In recognition of Black History Month, key opinion leaders from the community oncology space and beyond speak to how organizations are working to diversify clinical cancer research and combat outcome disparities.
Disparities in care and outcomes for Black patients diagnosed with cancer have been an ongoing hurdle within the medical field, although efforts such as diversifying clinical trials to reflect real-world populations may provide a solution.
According to the American Cancer Society, Black patients have a high cancer burden, characterized by the highest mortality rate and shortest survival compared with other racial and ethnic groups across many disease types.1 Approximately 224,080 new cases of cancer are expected to be diagnosed in Black individuals in 2022, with 73,680 expected deaths. Black men are twice as likely to die of their disease vs Asian and Pacific Islanders, with mortality rates for prostate cancer being double that of every other racial and ethnic group.
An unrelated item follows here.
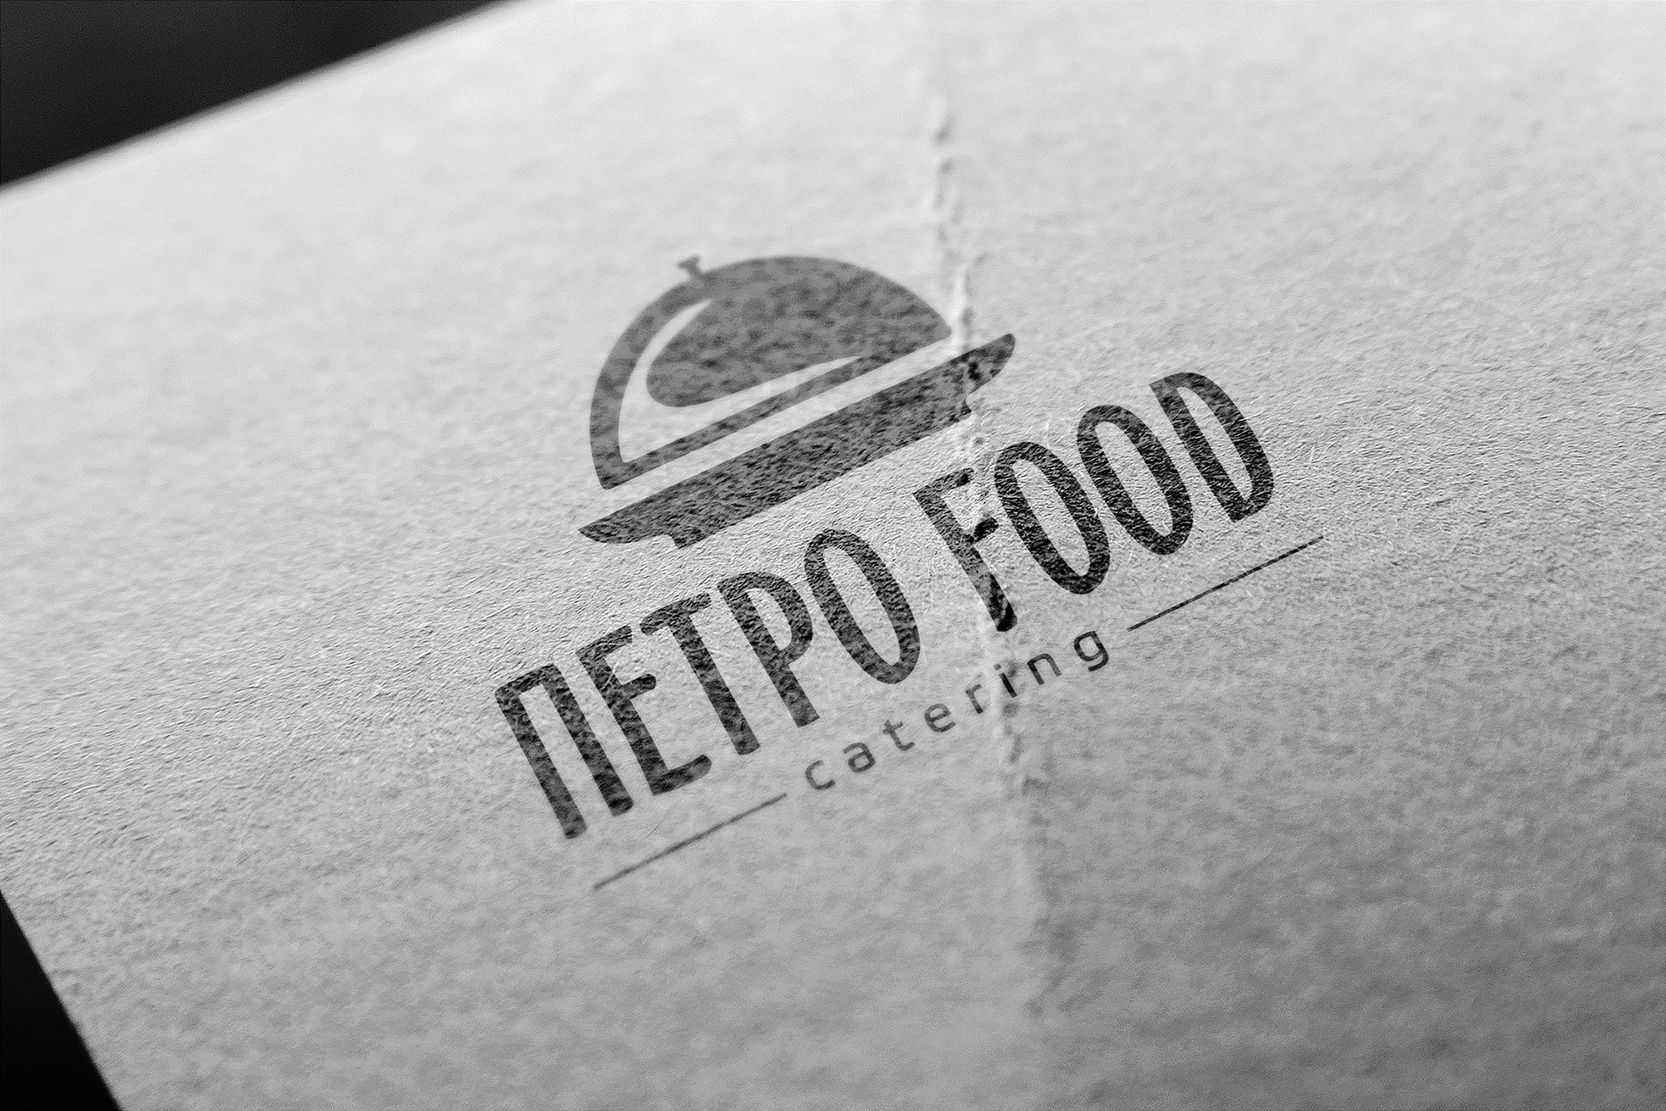 Логотип и фирменный стиль для Петро food  - дизайнер funkielevis

Black women who have been diagnosed with breast cancer are 40% more likely to die of their disease compared with White women and are 2 times more likely to die if they are over the age of 50. Additionally, a third of Black women have reported experiencing racial discrimination when visiting a health care provider. Experts have also identified an association between living in predominantly Black areas and an increased risk of being diagnosed with advanced cancer, higher mortality rates, and lower survival rates for lung and breast cancer. These disparities also extend to clinical cancer research.
“These disparities have gone on for many years. Articles published more than 20 years ago,2 call attention to the effects of this problem on the lives of the Black population. With specific attention to lung cancer, the participation of Black patients in clinical research still sits at somewhere between 6% and 8%, [and] it really hasn’t improved that much at all over time. I think the medical community is waking up and realizing that we are behind in our collective efforts to address this. It is not enough to just talk about it; we actually must do something that realistically provides us some answers. It would be enlightening if we get to measure our progress in a few short years but I suspect this will be an endless journey,” Ozuru O. Ukoha, MD, an assistant professor in the Department of Cardiovascular and Thoracic Surgery at Rush Medical College and chairman of the Division of Cardiothoracic Surgery at John H. Stroger Jr. Hospital of Cook County in Chicago, Illinois, said in an interview with CancerNetwork®.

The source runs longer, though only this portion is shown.